Don’t you need a lot of numbers from a lot of people to create such a book? The receiving of numbers is the simple part. If you send a group of people around town asking for people’s phone numbers, you’ll quickly amass a large amount of information. For this data to be usable, it must be organised in a way that makes finding easier. The names in the yellow pages are alphabetically organised, so if you know a word, you can look it up much as you might in a dictionary.

Tally markers should be used where there are many observations to reduce the number of mistakes and render tabulation simpler. Three columns are drawn using the tally marks system. Write runs in the first section, tally points in the second column, and the number of teams in the third column. Tally marks are held in five-count groups. To make a group of five, trace the fifth tally line diagonally over the first four.

The usage of intuitive charts to easily interpret and simplify data sets is referred to as graphical representation. Data is ingested into data software’s graphical image and described by a series of markers – such as bars on a bar chart, lines on a line map, or slices on a pie chart – from which consumers can obtain more information than by numerical analysis alone.

Representational diagrams may help forecast and make smarter evidence-driven judgments by illustrating general behaviour and highlighting phenomena, anomalies, and interactions between data points that would otherwise go unnoticed. The form of evidence investigated would determine the kinds of representational graphics used.

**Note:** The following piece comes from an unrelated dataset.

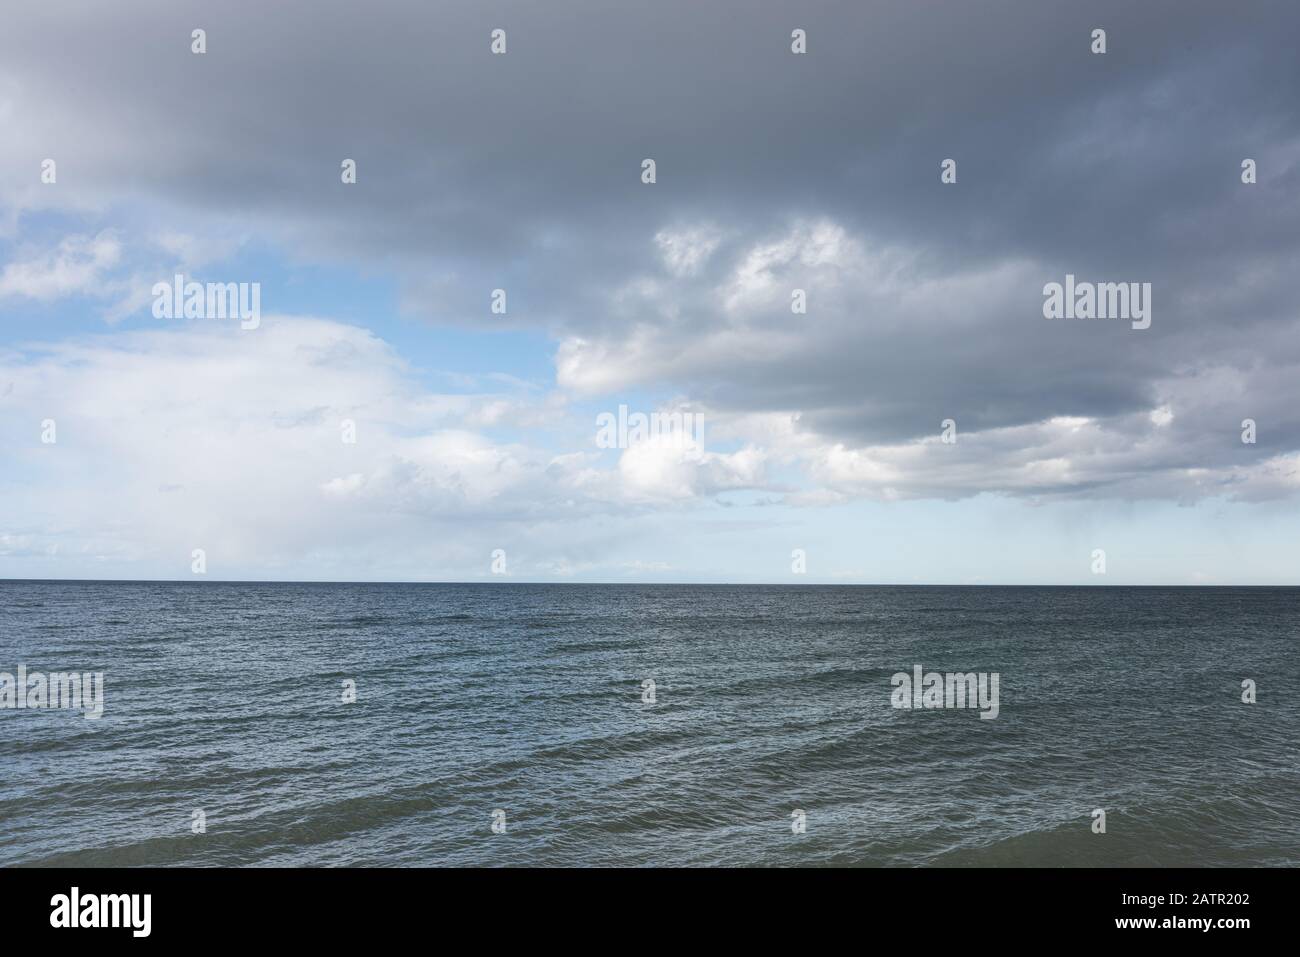 Images of the Scottish Morayshire coastline Stock Photo - Alamy

The most common and well-known indicator of central tendency is the mean (or average).

The median is the score that falls in the centre of a series of data grouped according to magnitude.

Mean = sum of all observations/no. of observations

Median = {(n+1)/2}th term

In this chapter, we learned about the basics of data handling. We can further use this knowledge to assess the collection of data to examine a hypothesis.

  1. What are the four different types of data?
    There are four types of data measurement measures in statistics: nominal, ordinal, interval, and ratio.
  2. What does the data handling process entail?
    During and after completing a research project, data handling is the process of making sure that research data is stored, archived, or disposed of safely and securely.
  3. What is the difference between the two types of data?
    Quantitative and qualitative data are the two main categories of data, and both are equally relevant.
  4. What does mean in data handling indicate?
    The sum of the data divided by the total number of data is the mean of a set of numbers, known as the average.
  5. In terms of data handling, what is the median?
    Sort the data points in ascending order from smallest to highest. The median is the middle data point in the list if the number of data points is odd. The median is the average of the two middle data points in the list if the number of data points is even.